(Beginning of Information provided)
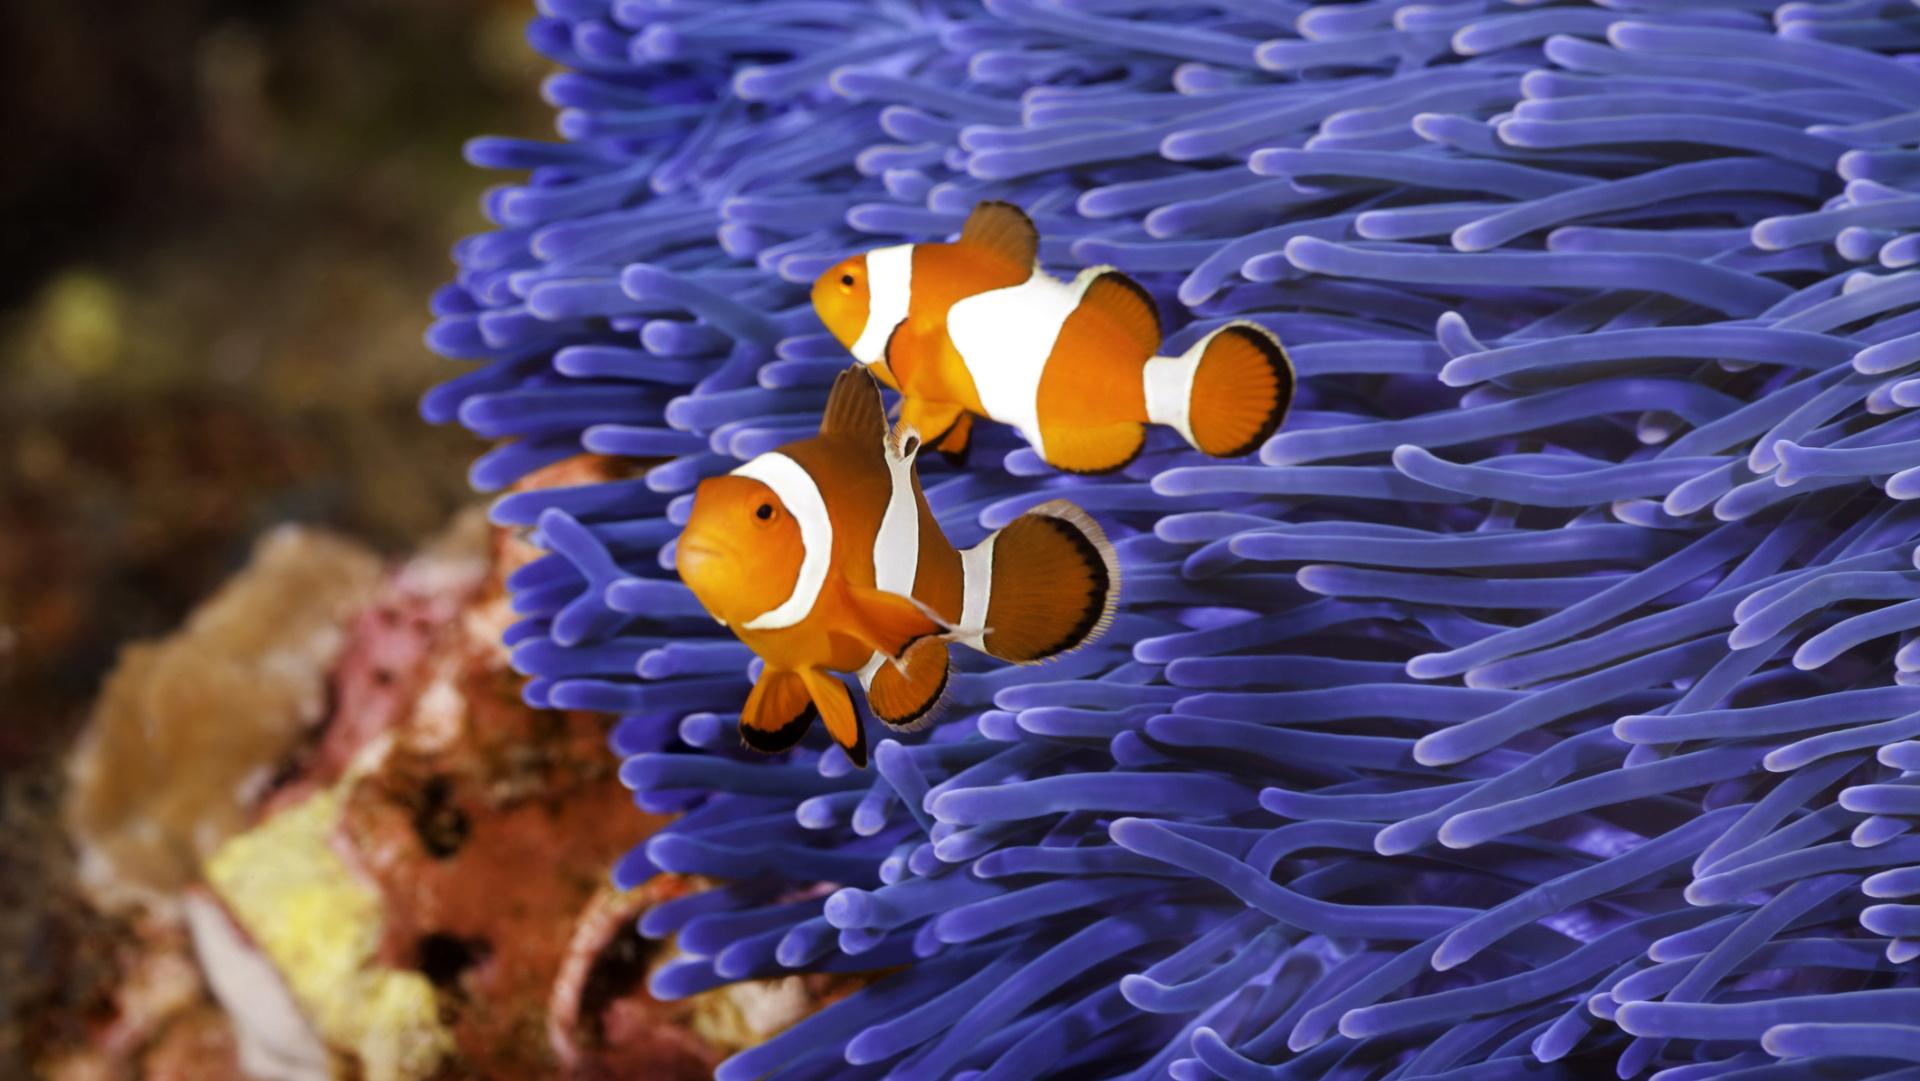 <p><strong>Риба клоун &ndash; смяна на пола</strong></p>  <p>Тези риби са хермафродити и първоначално се развиват като мъжки. В стадото има една самотна женска, която обикновено е по-голяма и доминира над останалите. Най-едрият мъжки е втори в командването и единственият, който се чифтосва с женската. Ако женската умре, този мъжки ще смени пола си и ще стане новият женски лидер, продължавайки цикъла.</p>
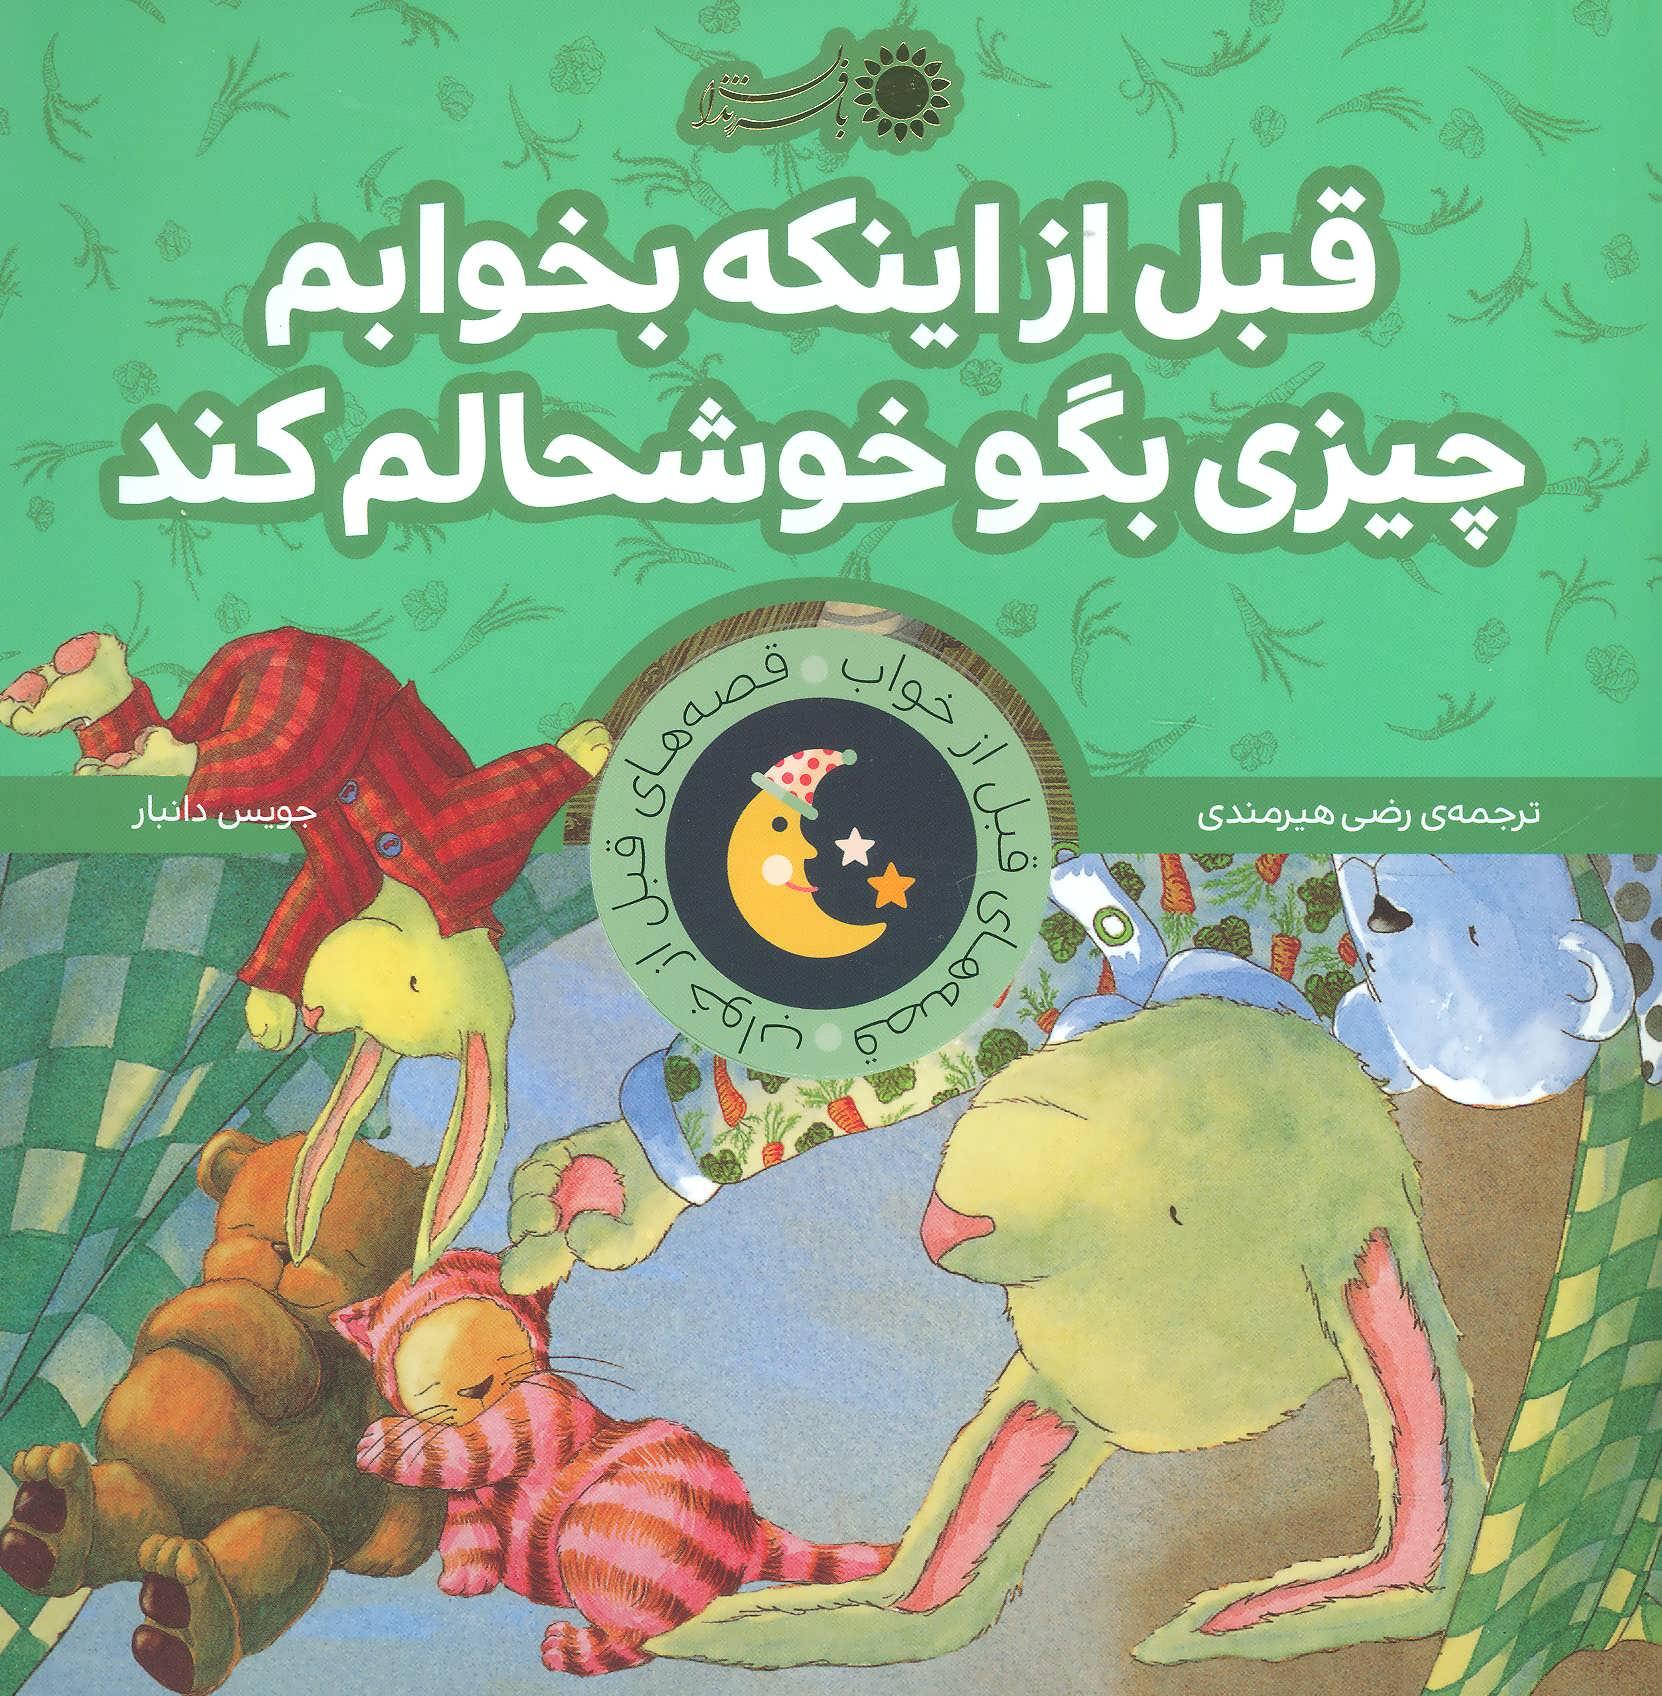 قصه های قبل از خواب 6 (قبل از اینکه بخوابم چیزی بگو خوشحالم کند)
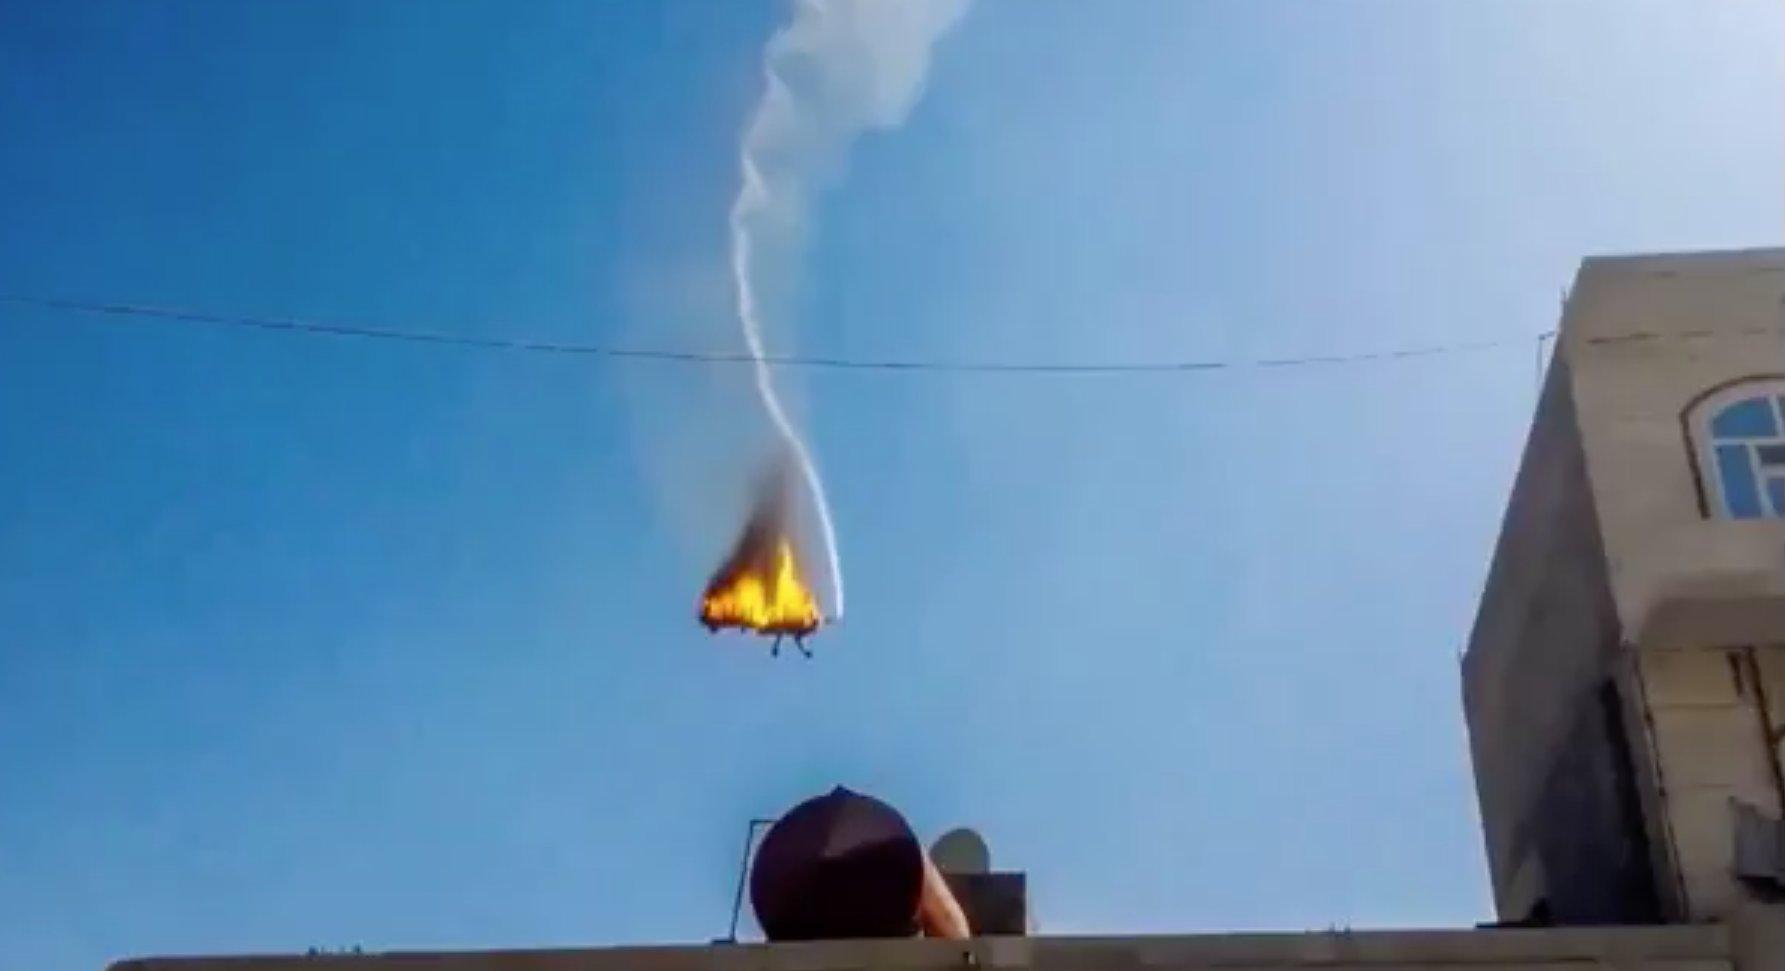 აშშ-ის საჰაერო ძალების MQ-9 reaper თვითმფრინავი იემენში აჯანყებულმა ჰუსიტებმა ჩამოაგდეს.
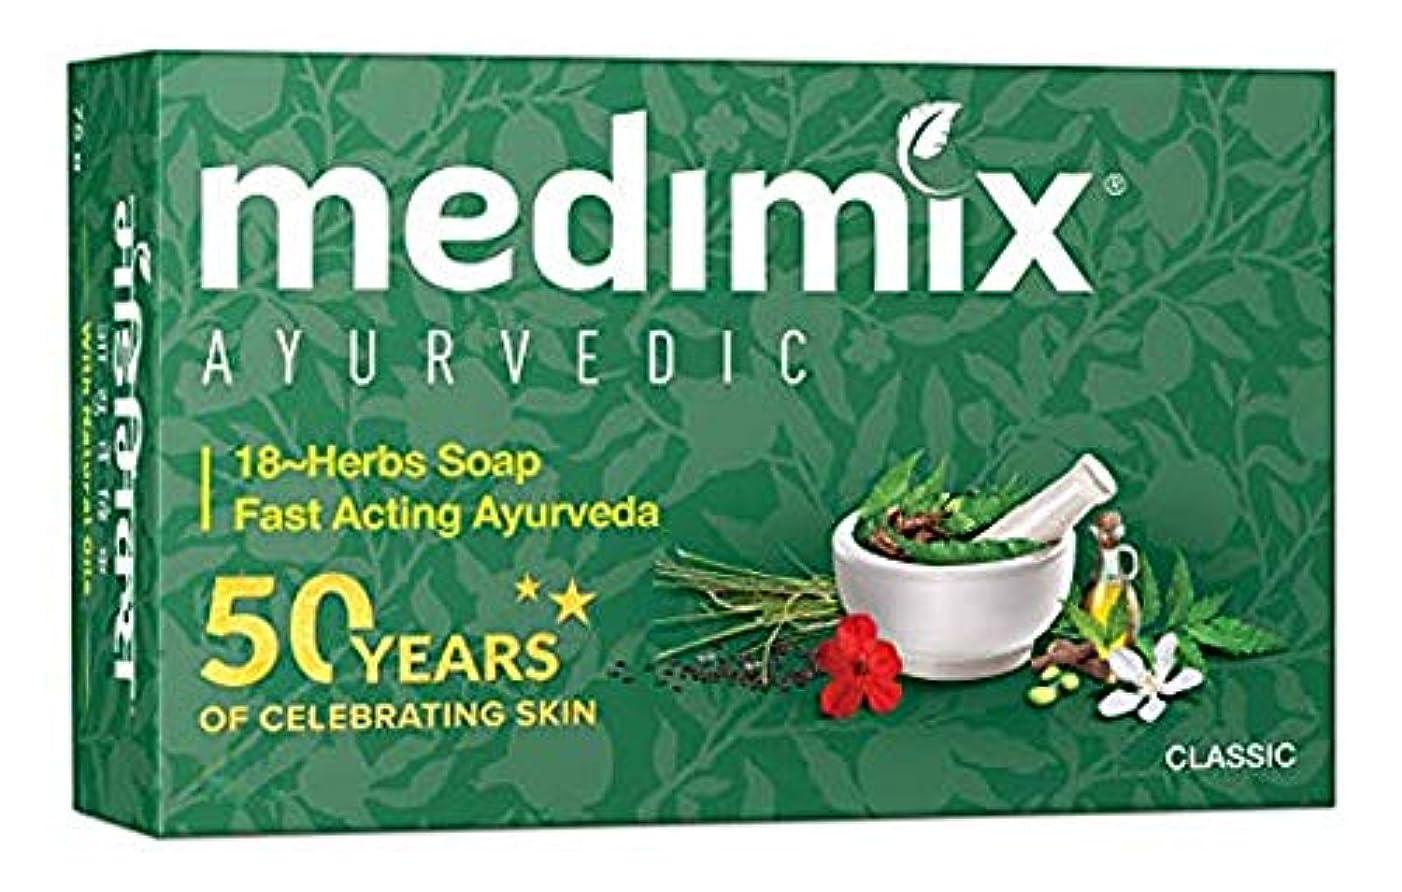 策定する成熟輝くMEDIMIX メディミックス アーユルヴェーダ石鹸 18ハーブス20個セット(medimix classic 18-HERB AYURVEDA) 125g
(End of Information provided)
**Exercise goal**
Give the data again exactly as written, with no pictures included.

**Response to the exercise**
 <p><strong>Риба клоун &ndash; смяна на пола</strong></p>  <p>Тези риби са хермафродити и първоначално се развиват като мъжки. В стадото има една самотна женска, която обикновено е по-голяма и доминира над останалите. Най-едрият мъжки е втори в командването и единственият, който се чифтосва с женската. Ако женската умре, този мъжки ще смени пола си и ще стане новият женски лидер, продължавайки цикъла.</p>
 قصه های قبل از خواب 6 (قبل از اینکه بخوابم چیزی بگو خوشحالم کند)
 აშშ-ის საჰაერო ძალების MQ-9 reaper თვითმფრინავი იემენში აჯანყებულმა ჰუსიტებმა ჩამოაგდეს.
 策定する成熟輝くMEDIMIX メディミックス アーユルヴェーダ石鹸 18ハーブス20個セット(medimix classic 18-HERB AYURVEDA) 125g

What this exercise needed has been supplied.